With no shift in the 6 per cent pay offer in sight, hopes of conciliation have been dashed. Phil Baty reports

The national pay dispute looks set to drag on to hit final exams in summer after even informal talks about talks between unions and employers ended in deadlock this week.

And, in a separate development, the prospect of a breakthrough receded further after university registrars insisted at their annual meeting that there must be no improvement on the pay offer of 6 per cent over two years, which unions have dismissed as "derisory".

After two hours of informal talks designed to break the deadlock paralysing official pay negotiations, the Universities and Colleges Employers'

Association confirmed it would not enter into any formal pay talks with lecturers' union Natfhe and the Association of University Teachers unless they suspended their campaign of industrial action over pay.

Ucea sources indicated that employers remained willing to accept a nominal suspension of the action - including during the Easter vacations, when there will be almost no union activity anyway - as a gesture of goodwill to allow formal talks to take place.

But the unions, which have been boycotting all student exams and assessments for the past month, refused to back down.

Sally Hunt, general secretary of the AUT, said: "We have always been clear that the action will continue until there is a substantive offer on the table."

The unions are demanding a 23 per cent rise over three years.

Ms Hunt said: "We are very willing to talk.
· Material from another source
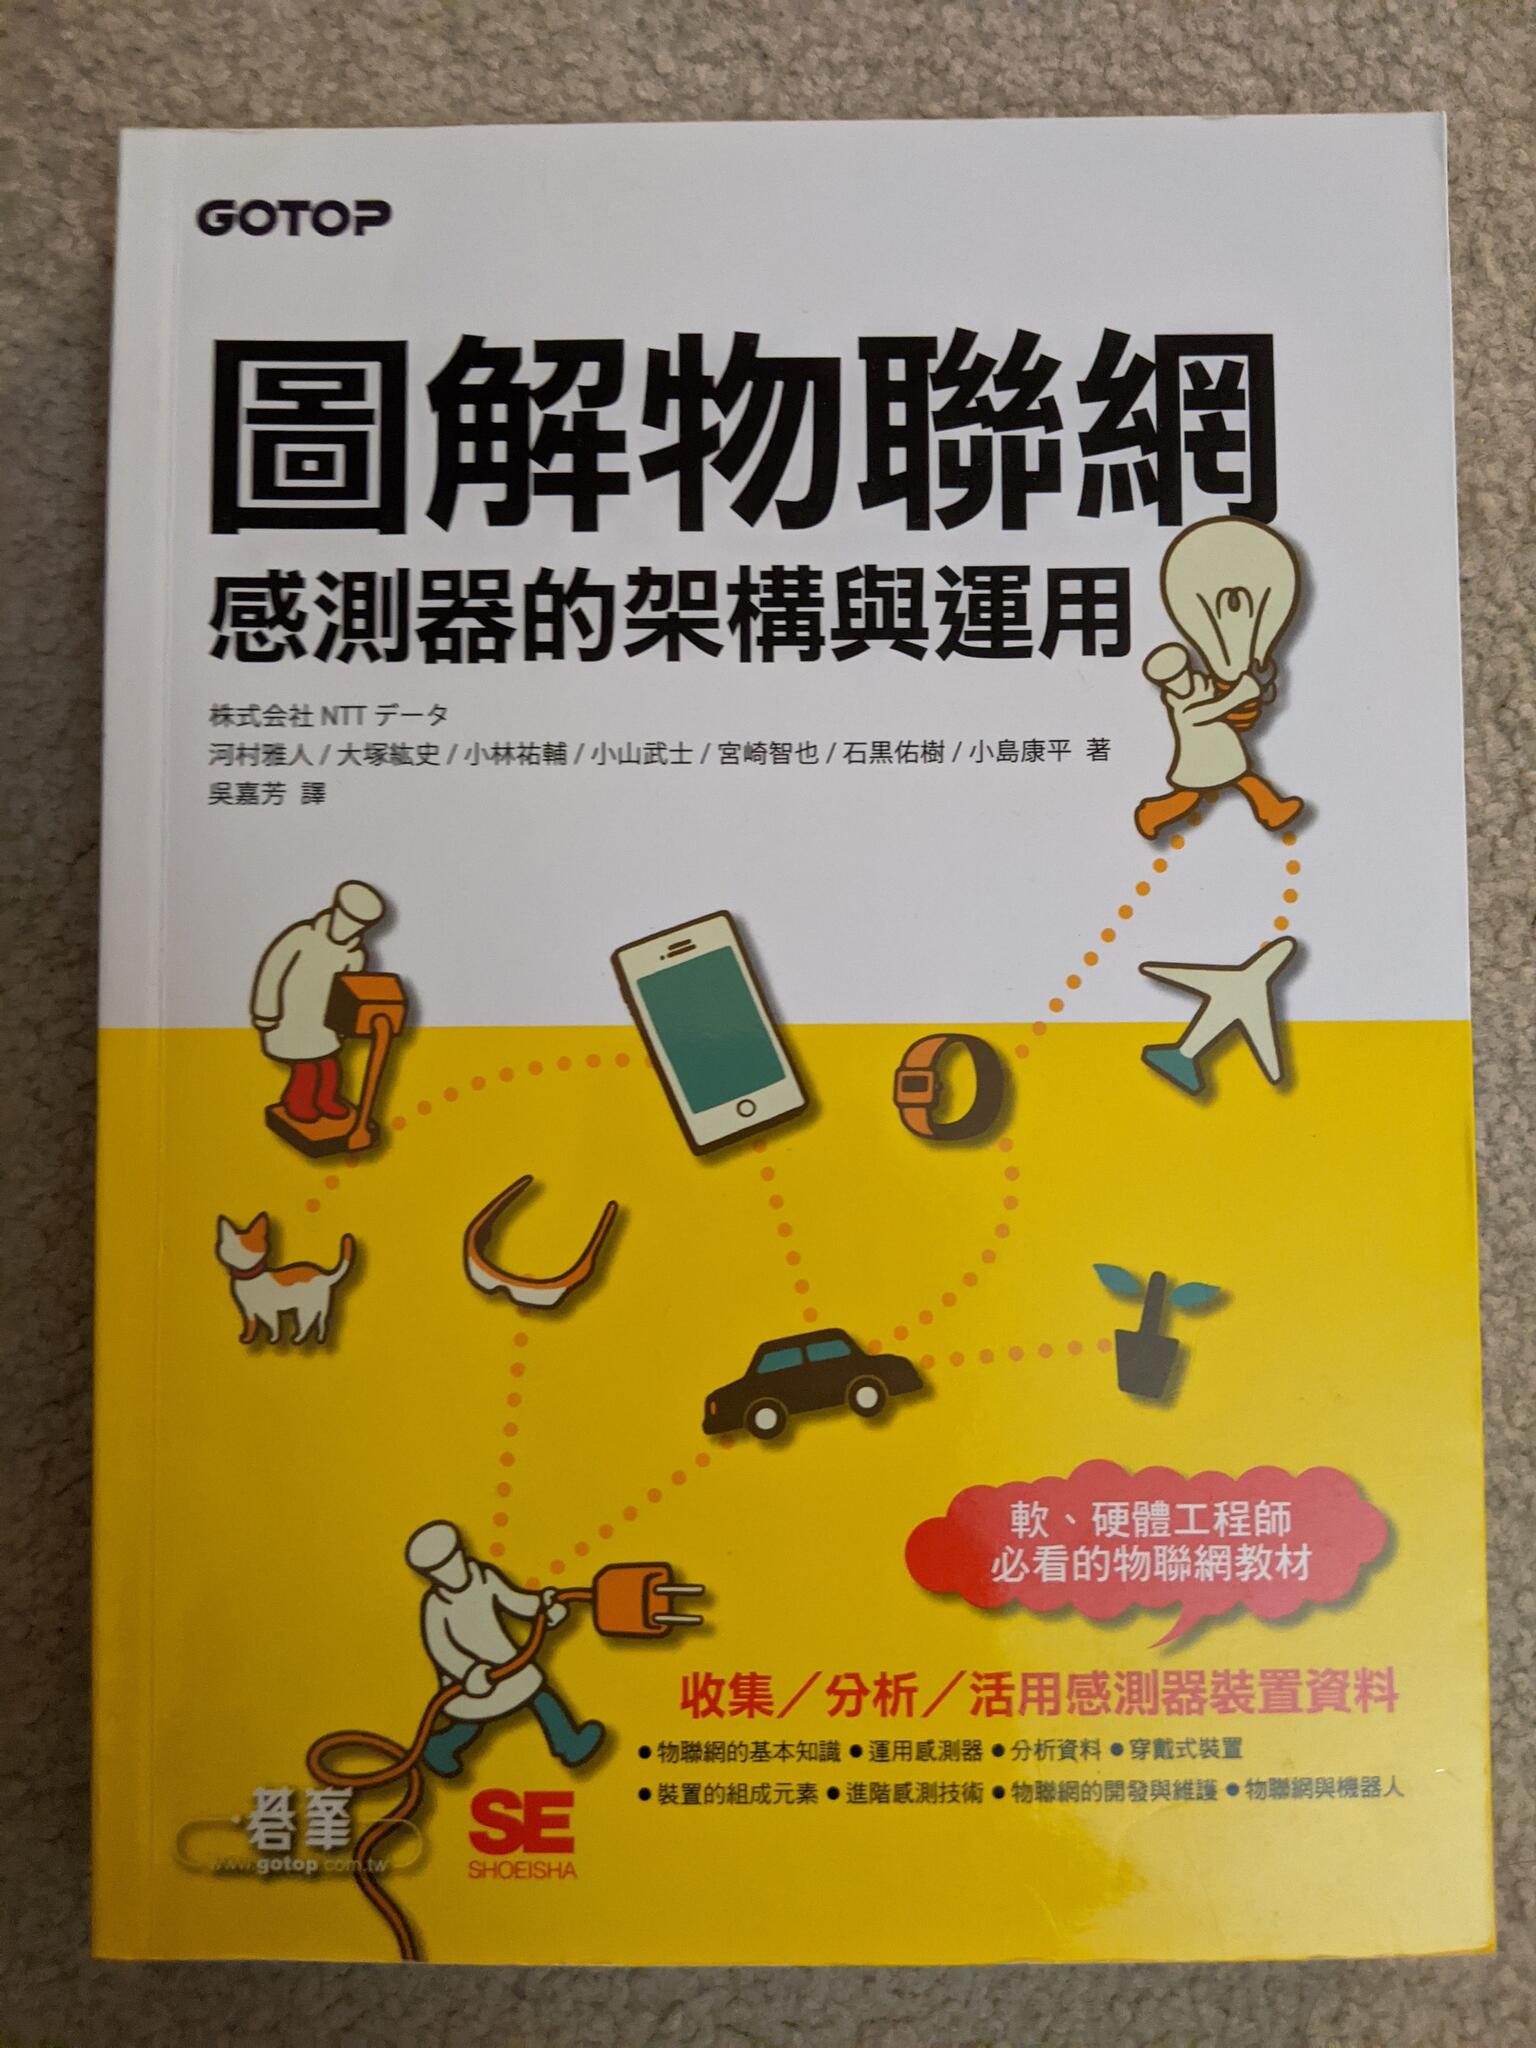 Book 圖解物聯網for Free In Mountain View Ca Finds Nextdoor

We are at a very serious stage of the action, and institutions are beginning to feel it bite, so it is deeply frustrating that the employers will not talk. I'm not sure how far Ucea's uncompromising position reflects vice-chancellors' views. Many clearly want to see all parties round the table."

The sides did agree to another informal meeting on April 18. This may produce a way out of the deadlock and allow the unions to attend the next formal negotiating meeting scheduled for April 25.
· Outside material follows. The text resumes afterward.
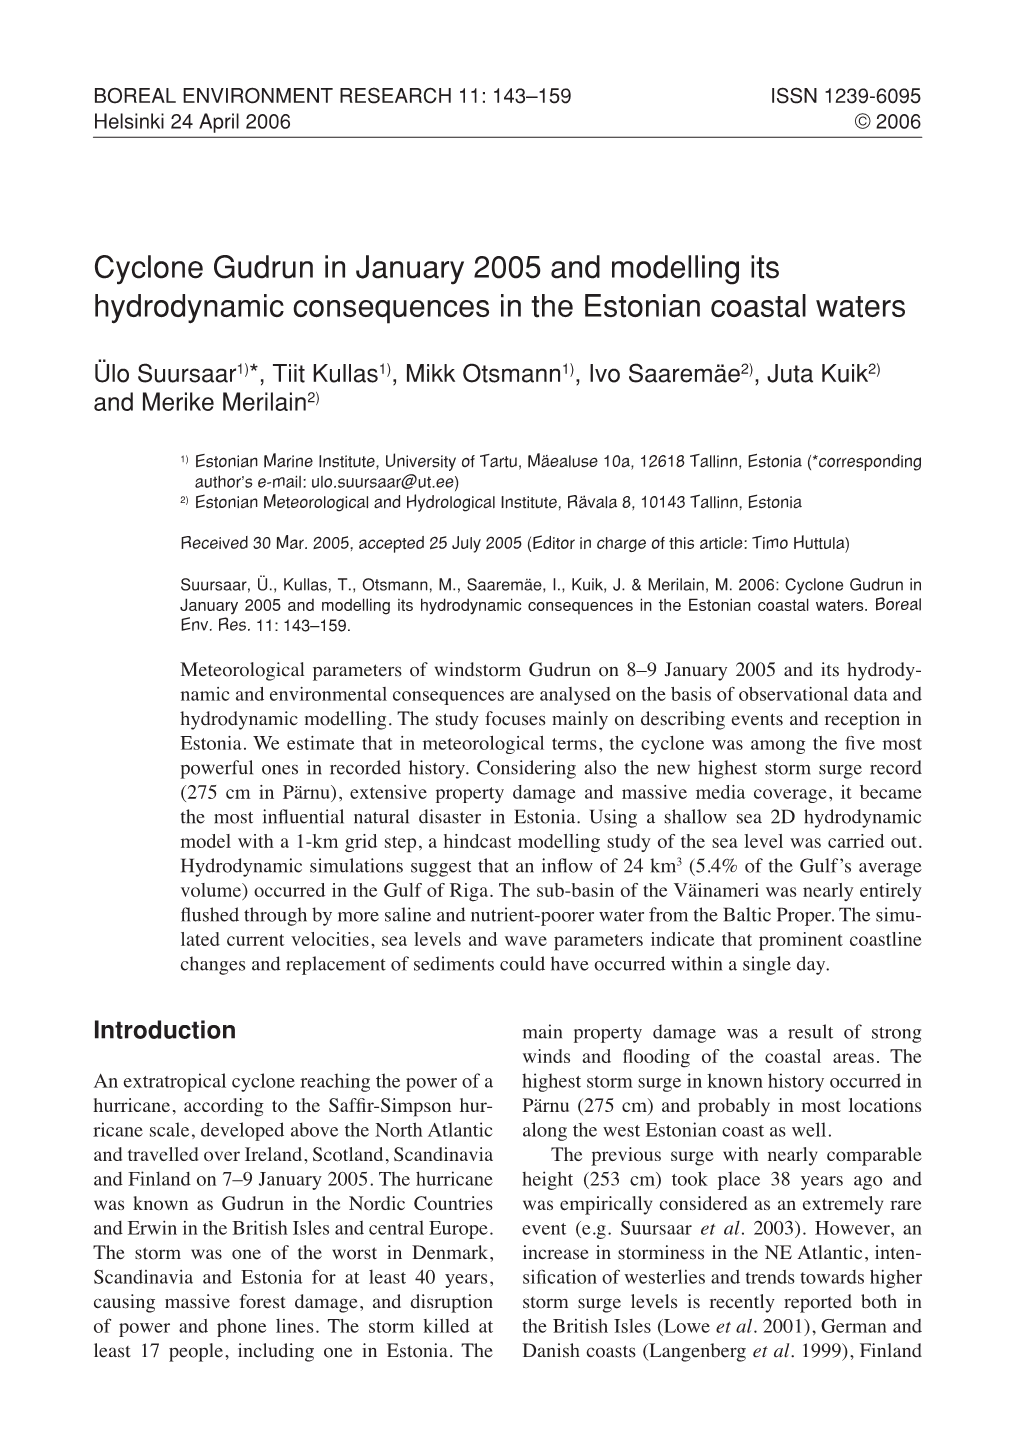 Cyclone Gudrun in January 2005 and Modelling Its Hydrodynamic Consequences in the Estonian Coastal Waters

But it is unlikely that the unions will be keen to suspend their industrial action for the April 25 meeting as this is just when they expect their boycott to hit preparations for the end-of-year and the finals exam period.

An AUT activist told The Times Higher that he believed Ucea was happy to drag the dispute out in a bid to break the resolve of union members taking action.
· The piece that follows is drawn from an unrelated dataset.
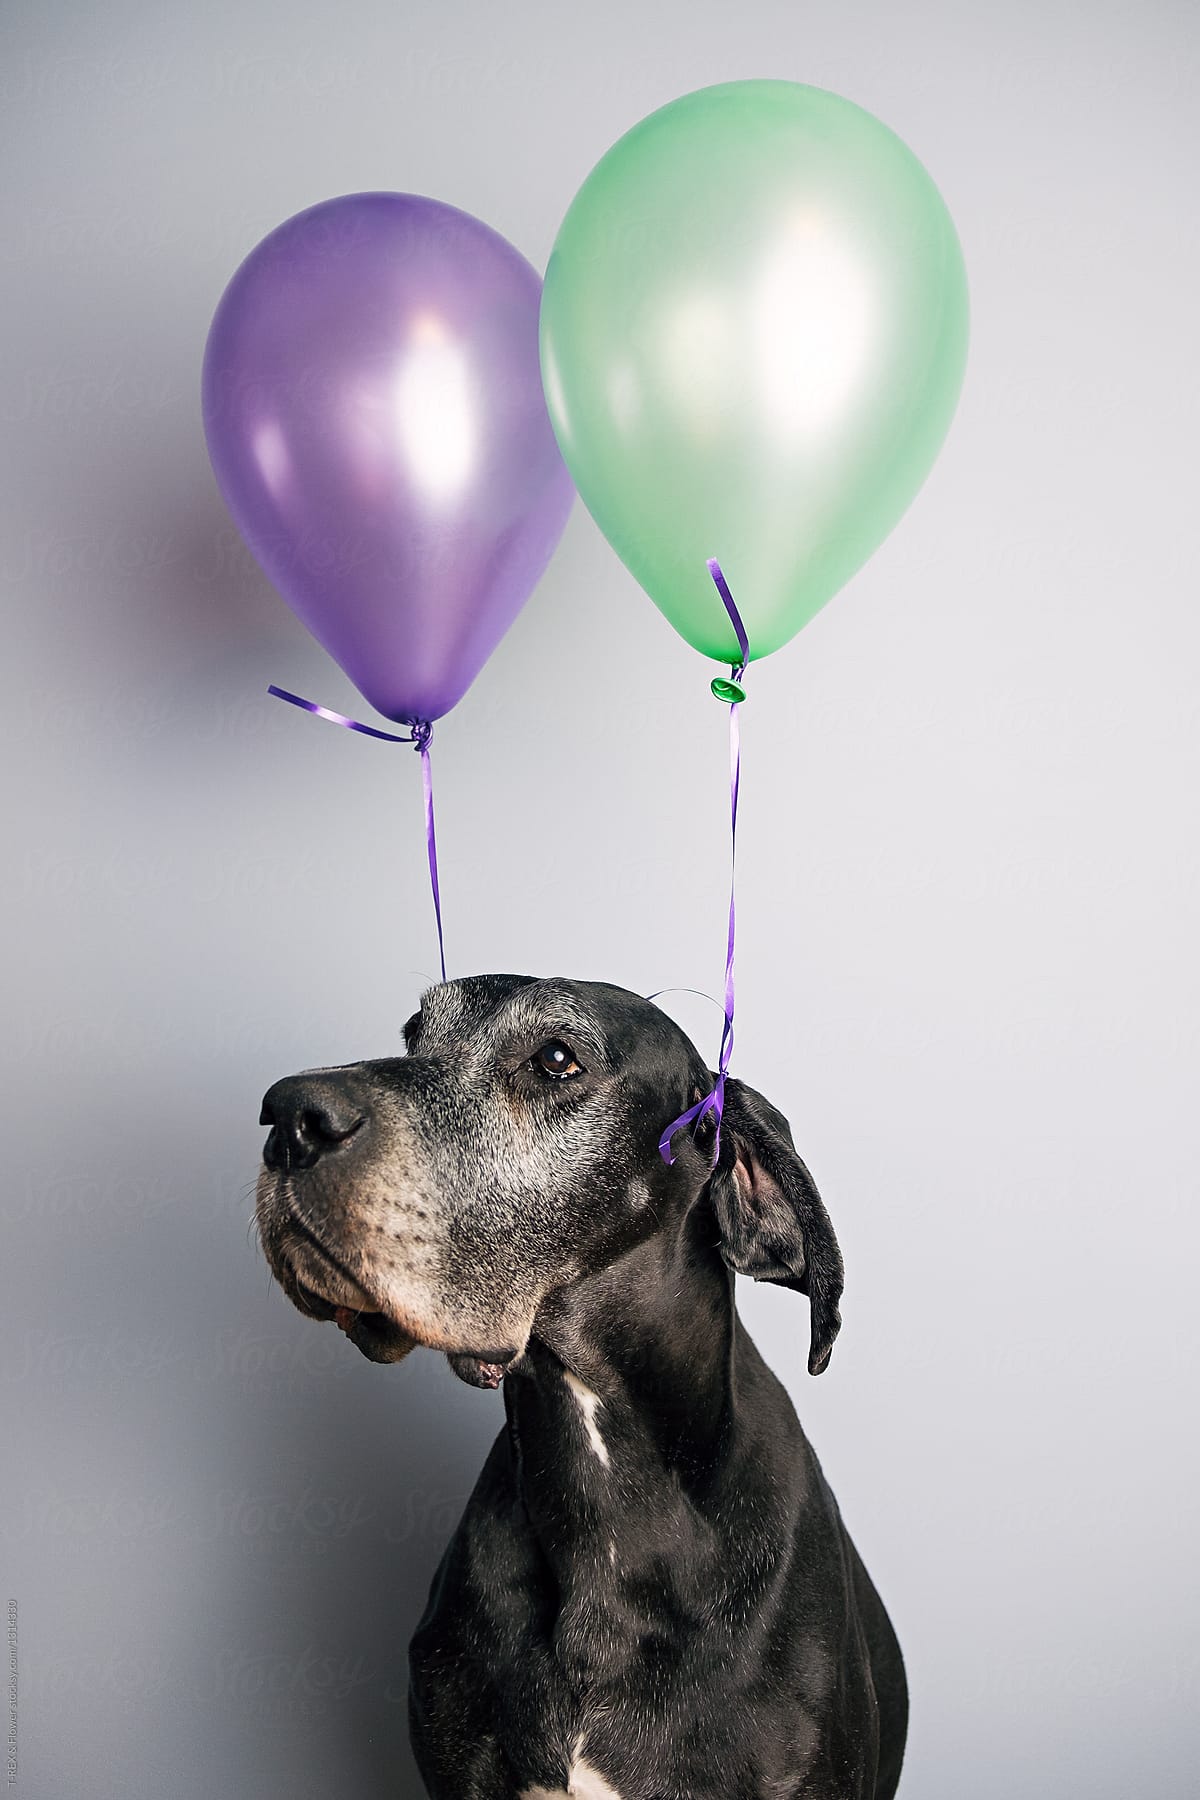 A dog with balloons on the ears

"I think they believe that staff, especially those facing having their pay docked, will cave in when it comes to the crunch, as they will not be willing to damage their students' prospects of progressing or graduating," he said.

"But, even if many members cave in, it just takes a handful of hardcore members in each university to cause real damage."

There is little prospect that universities will be able to improve substantially on their 6 per cent offer even if negotiations begin on April 25, according to registrars.

David Allen, registrar of Exeter University and chair of the Association of Heads of University Administration, said: "Institutions are already having to increase pay budgets by 7 to 8 per cent to implement local agreements over the new pay framework and for pensions."

* Further education lecturers have voted for a two-day strike next month in protest at an "insulting" 1.5 per cent pay offer by college employers. All six unions rejected the offer. The strike is planned for May 2 and 3.